Tuesday, February 19, 2008
Pear Cornmeal Upside-Down Cake
I definitely have cornbread on my mind. I loved writing about The Cornbread Gospels in my last post, and I’m still enjoying the results of the recipe I gave you – buttery Almond-Herb Biscuits. They freeze beautifully, and I’ve been defrosting them one at a time to eat with soup for dinner…so good!
You’d think I had enough corn-y recipes for a while, but when I saw this cake in the February issue of Gourmet, I had to make it. I’ve been clipping cornmeal cake recipes out of magazines for the last couple years. I’ll see one now and then, often served with a fruit compote, sometimes topped with cream or a sweet glaze. Some cornmeal cakes remind me of my favorite blueberry-cornmeal pancakes (I’ll post them for you as soon as I can snap a decent picture!). I could somehow justify the pancakes as a balanced meal, yet the cornmeal cakes felt too much like desserts that weren’t quite as indulgent as say, a flourless chocolate tart.

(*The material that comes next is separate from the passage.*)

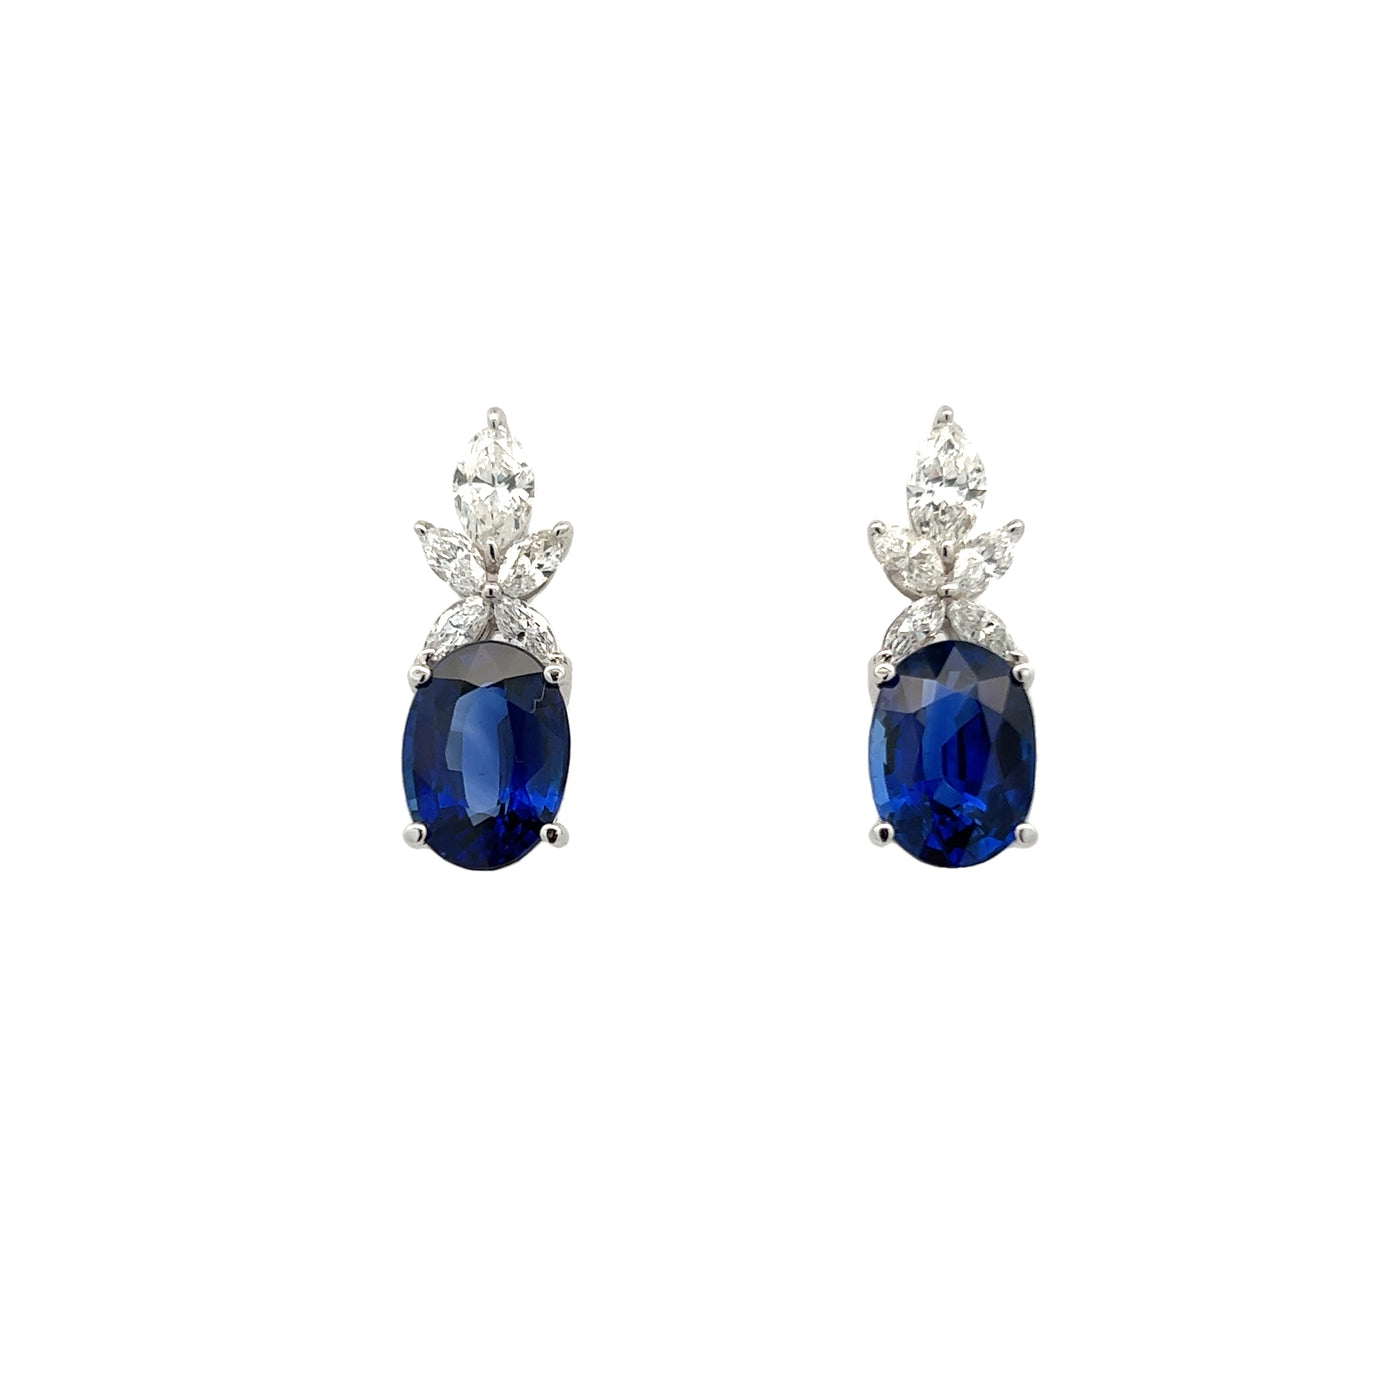 10.51 Carat Oval Sapphire and Diamond Earrings

But with the novelty of the upside-down cake and my love of pears – especially sticky, warm, caramelized pears – this cake got me into the kitchen. It is very easy to make – minimal ingredients and not much mess. Peeling and coring the pears is only slightly fussy, and everything else is a snap.
The flavor is deliciously subtle. It’s not tooth-achingly sweet from pounds of sugar, but sweet with maple syrup, stone-ground cornmeal and caramelized fruit. You could serve it with whipped cream or ice cream, but I love a little sour cream to swirl around with a drizzle of maple syrup on my plate. I don’t see myself getting tired of cornmeal cakes, cornbread, corn muffins, corn biscuits or the rest of it anytime soon.
But wait, there's more!
Head over to NPR's website and read the story with recipes that I wrote for their Kitchen Window column. It’s the dramatic tale of my obsession with gourmet pizza. You’ll laugh, you’ll cry…you might even bake.
Pear Cornmeal Upside-Down Cake
Adapted from this recipe, Gourmet magazine, February 2008
Gourmet calls this a “johnnycake,” after the griddled cornbread-slash-pancake that is a Rhode Island specialty. I don’t disagree – it was just too much to fit in the title. This is a dessert with actual nutritional value, especially if use whole wheat pastry flour instead of all-purpose. Stone ground cornmeal is the best choice because it is all-natural and has truer corn flavor. You can find it many supermarkets and natural food stores.
1 stick unsalted butter (4 oz.)
2 tablespoon granulated sugar
4 firm-ripe Anjou pears, peeled, halved lengthwise and cored
1/2 teaspoon grated nutmeg, divided
1 cup whole wheat pastry flour (or all-purpose)
3/4 cup stone ground cornmeal
2 teaspoons baking powder
1/2 teaspoon baking soda
1/2 teaspoon salt
2 large eggs, lightly beaten
3/4 cup milk (reduced fat or whole)
1/4 cup pure maple syrup
To serve: additional maple syrup and sour cream
Preheat oven to 400 degrees.
Melt the butter over medium heat in a large cast iron or nonstick skillet. Pour all but about 1 tablespoon into a small bowl. Use about 1 tablespoon from the bowl to brush the bottom and sides of an 8- or 9-inch cake pan.
Return the skillet to medium heat, sprinkle the sugar over the butter and add the pears, cut side up. Sprinkle with 1/8 teaspoon of the nutmeg and cook for 5 minutes. Flip the pears, sprinkle with 1/8 teaspoon nutmeg and continue cooking until the cut sides are lightly browned, about 8 to 10 minutes more. Transfer the pears to the cake pan, cut side down.
In a large bowl, whisk together the flour, cornmeal, baking powder, baking soda, salt and the remaining 1/4 teaspoon nutmeg. In another bowl, whisk together the eggs, milk, maple syrup and reserved 6 tablespoons of melted butter. Add the wet ingredients to the dry ingredients and whisk just until smooth. Pour batter into the cake pan over the pears. Bake for 20 to 24 minutes or until the top is golden and sides pull away from the pan (it took 22 minutes with my 8-inch pan). Cool in pan on a rack for 15 minutes, then run a thin knife around the sides to loosen the cake. Invert onto a platter and serve with maple syrup and sour cream.